There are a few pervasive myths surrounding Social Security that could potentially affect how much you receive. By avoiding these three common misunderstandings, you can head into retirement as prepared as possible.
Myth No. 1: Social Security benefits will cover all your expenses
Nearly one-third of baby boomers believe that Social Security alone should be enough to fund retirement, according to a 2021 survey from the Nationwide Retirement Institute, and nearly 20% of boomers don't have any other savings outside of their benefits. In reality, Social Security benefits were only designed to replace around 40% of your pre-retirement income. Unless your expenses are drastically reduced in retirement, it's likely you'll need at least some savings to make ends meet.
Exactly how much you need to save will depend on your future expenses, how many years you expect to spend in retirement, and several other factors. But if you're headed into retirement expecting Social Security to cover all your bills, you could be in for a surprise.

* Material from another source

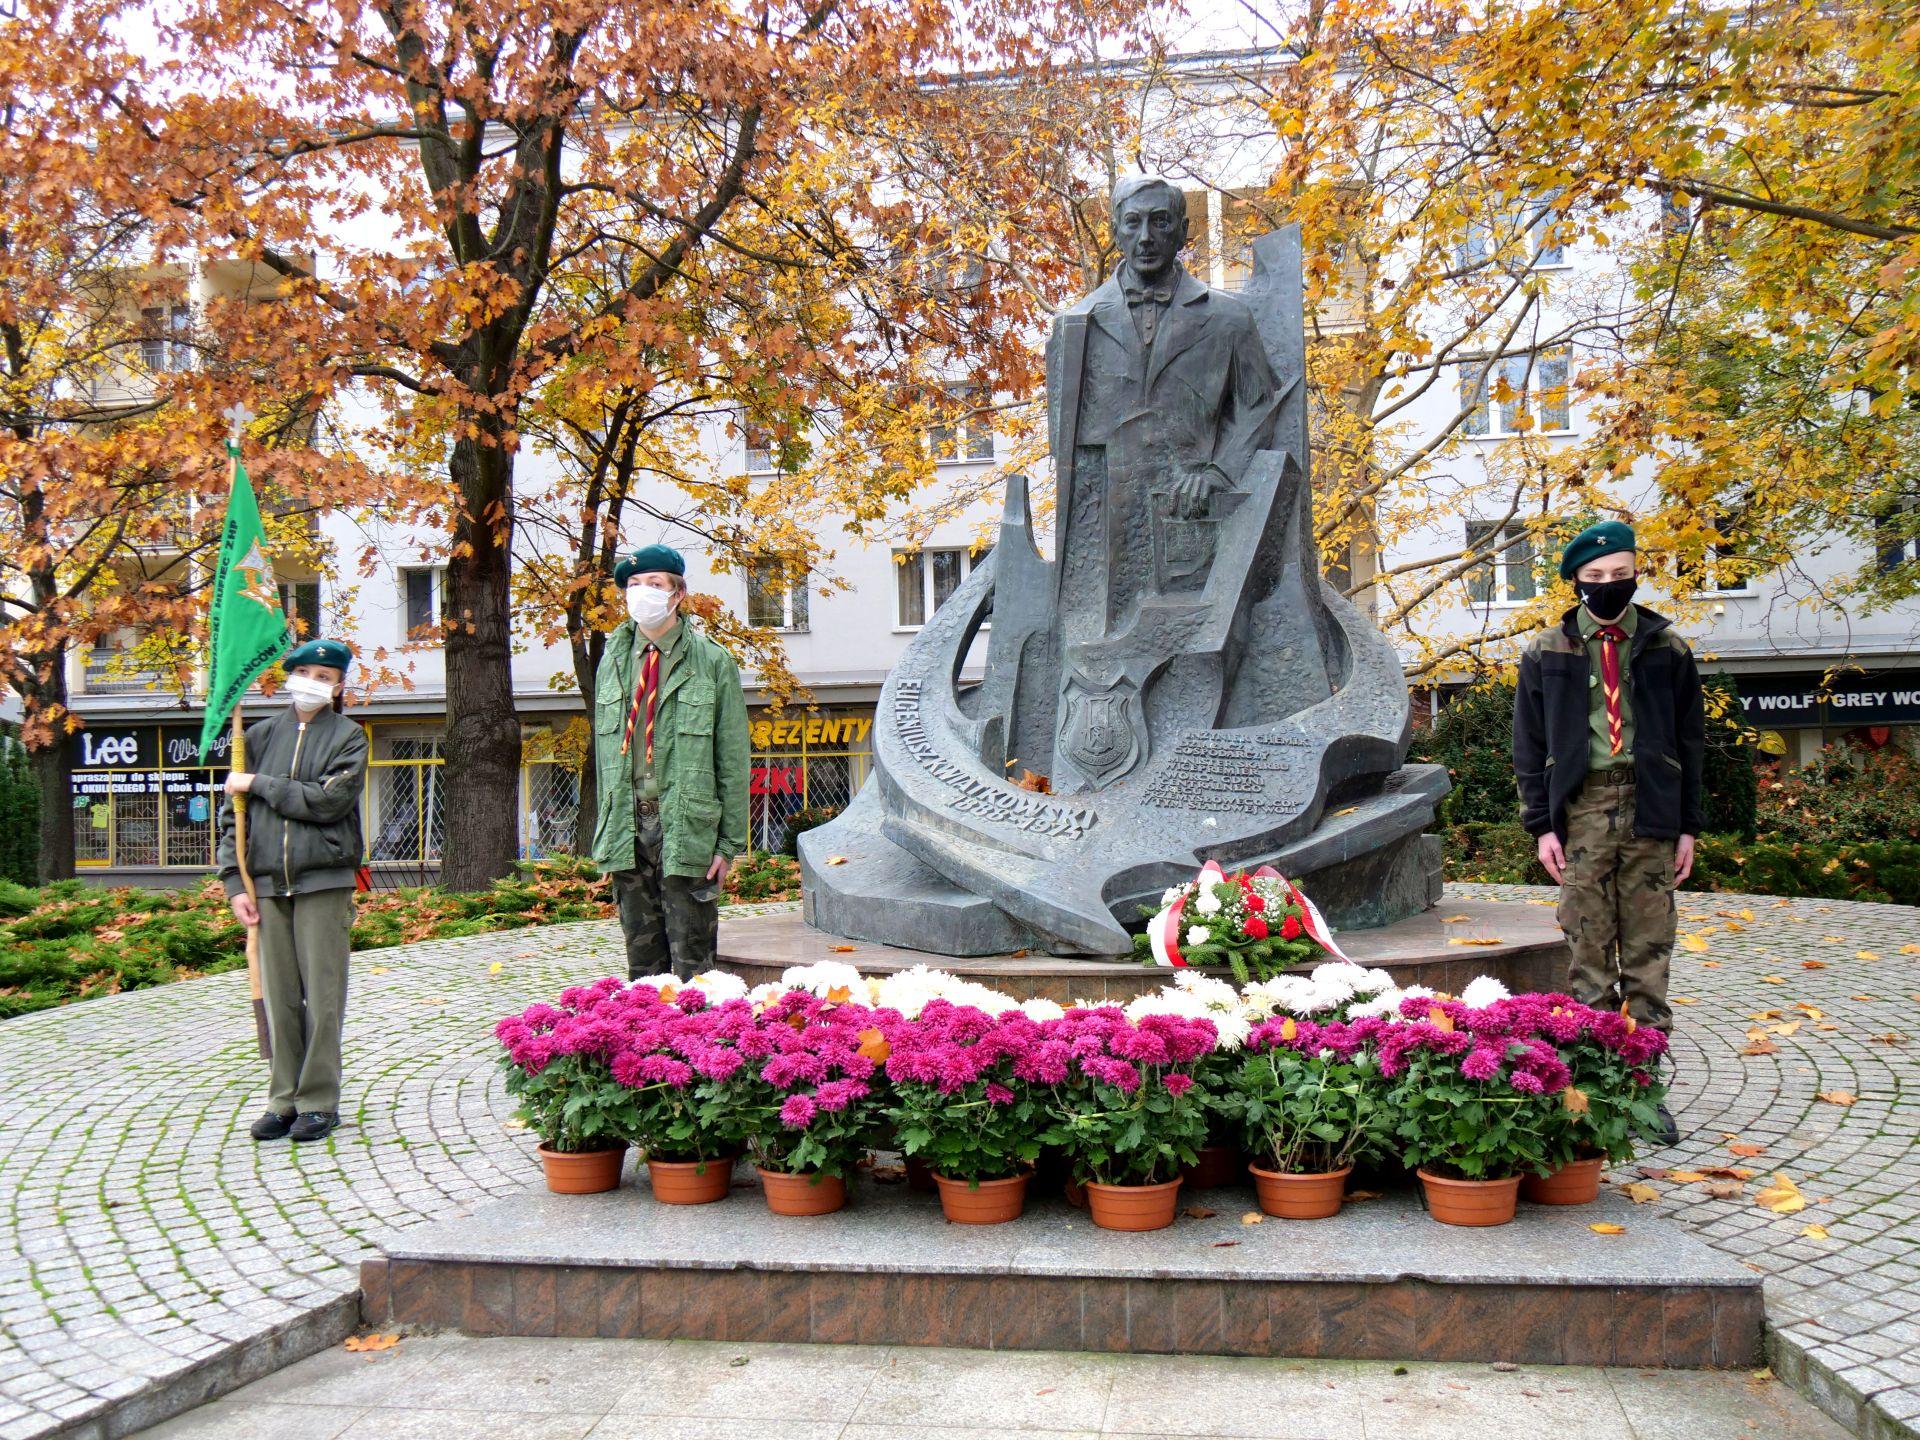 pomnik, kwiaty, wiele osób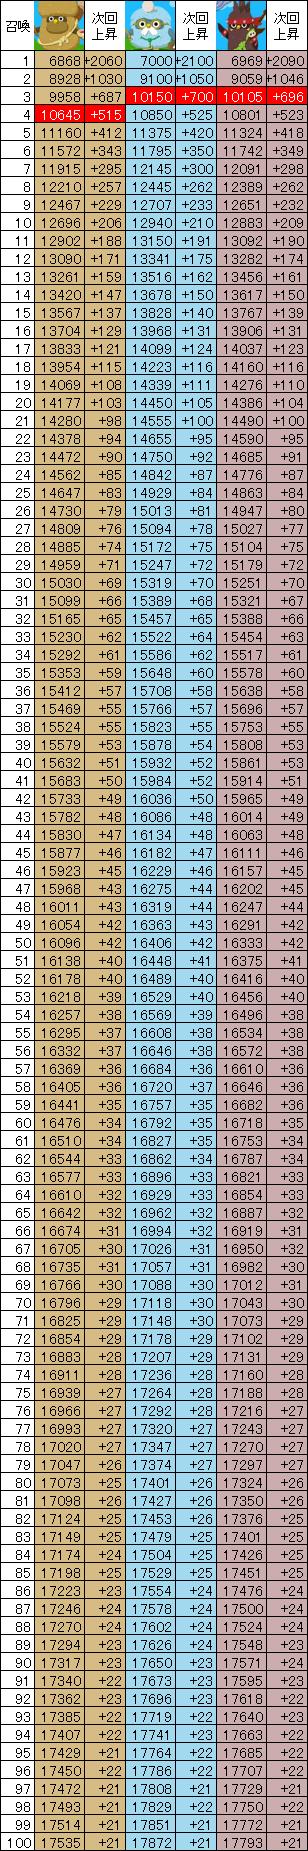 ボブオル、イシオル、ロックオルの召喚数ごとのパワー一覧

Myth No. 2: Your benefit amount will increase once you reach your full retirement age
When you claim Social Security early, you'll receive smaller checks. A whopping 69% of baby boomers, however, believe that their benefit amount will increase once they reach their full retirement age (FRA), according to a poll from Nationwide.
In general, once you file for Social Security, your benefit amount is locked in for life. That means if you claim early, you'll receive smaller payments for the rest of your retirement. While you will earn small cost-of-living adjustments each year to help protect against inflation, reaching your FRA won't result in a benefit boost.
Myth No. 3: Delaying benefits is always best
While claiming benefits early will result in smaller checks each month, delaying filing until after your FRA will earn you larger payments. It may seem, then, that waiting a few years is the best move, since it will boost your monthly income.
However, delaying benefits isn't the right move for everyone. In some cases, you may actually be better off filing early.
Delaying Social Security is generally best if your primary goal is to increase your monthly income. Waiting until age 70 to file could boost your payments by hundreds of dollars per month, which can go a long way.
If you already have a robust retirement fund, though, you may not necessarily need that extra income. Similarly, if you have health issues or other reasons to believe you may not live a longer-than-average life span, claiming earlier could give you more time to enjoy your money.
Making the most of Social Security
Social Security can be complex and confusing sometimes, but it pays to understand it the best you can. By avoiding these common myths and misunderstandings, you can ensure you have the right strategy to maximize your benefits in retirement.